Achievement objectives

GM4-3: Use side or edge lengths to find the perimeters and areas of rectangles, parallelograms, and triangles and the volumes of cuboids.

Required materials

rulers
calculators

See Materials that come with this resource to download:

Working with partial units activity (.pdf)
Working with partial units CM (.pdf)

Activity

Remind students how the area and perimeter of a rectangle can be found using the side lengths. Draw a rectangle measuring 20cm x 15cm on a large sheet of paper. Let students use calculators if needed.

What is the perimeter of this rectangle? (2 x (20 + 15) = 2 x 35 = 70 cm)
What is the area of this rectangle? (20 x 15 = 300 cm²).

Provide the students with copies of the Working with partial units CM and calculators.

What do you notice about all these rectangles?

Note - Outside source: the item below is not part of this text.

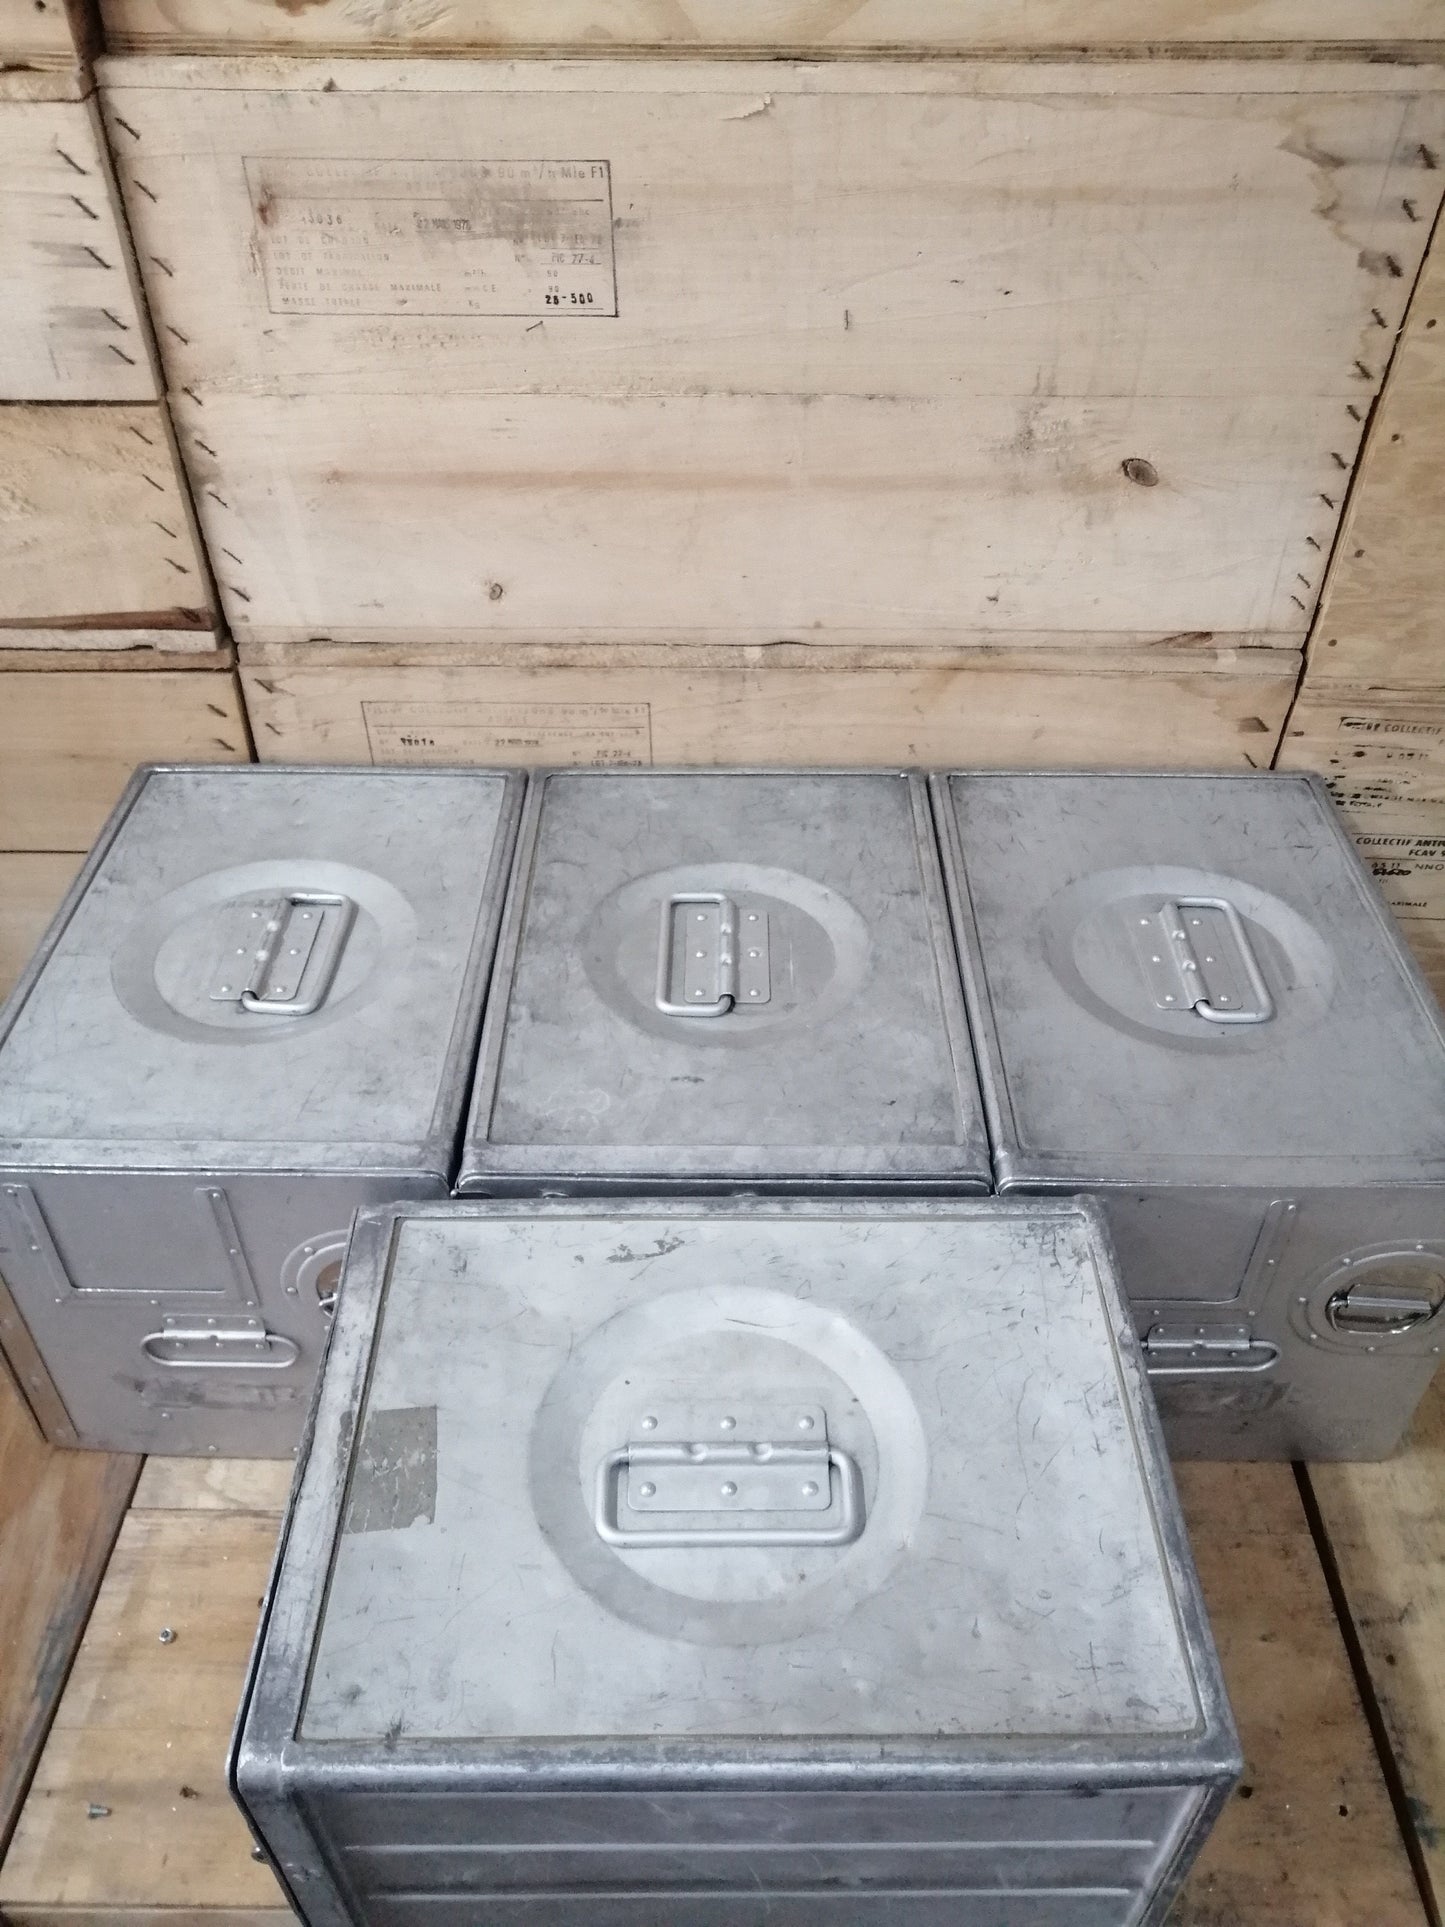 Air Transat - Original Airline Galley Box, Aircraft Storage Container, Industrial Cabinet

Look for students to recognise that many of the side lengths are decimals and fractions.

Your task is to find the area and perimeter of each rectangle.
Put the rectangles in order by area, then order them by perimeter.
Are the orders the same?

You might introduce relevant te reo Māori kupu such as roa (length), tapawhā hāngai (rectangle), paenga (perimeter), and horahanga (area).

Let the students work in pairs to calculate areas and perimeters. Organise students in pairs that will encourage peer scaffolding and extension, as well as productive learning conversations. Roam as they work and look for students to:

collect part units to form whole units, such as two halves to make one unit
use whole number multiplication to calculate most of the area in each rectangle
convert fractions of units to decimals
use multiplication on the calculator to find both perimeters and areas.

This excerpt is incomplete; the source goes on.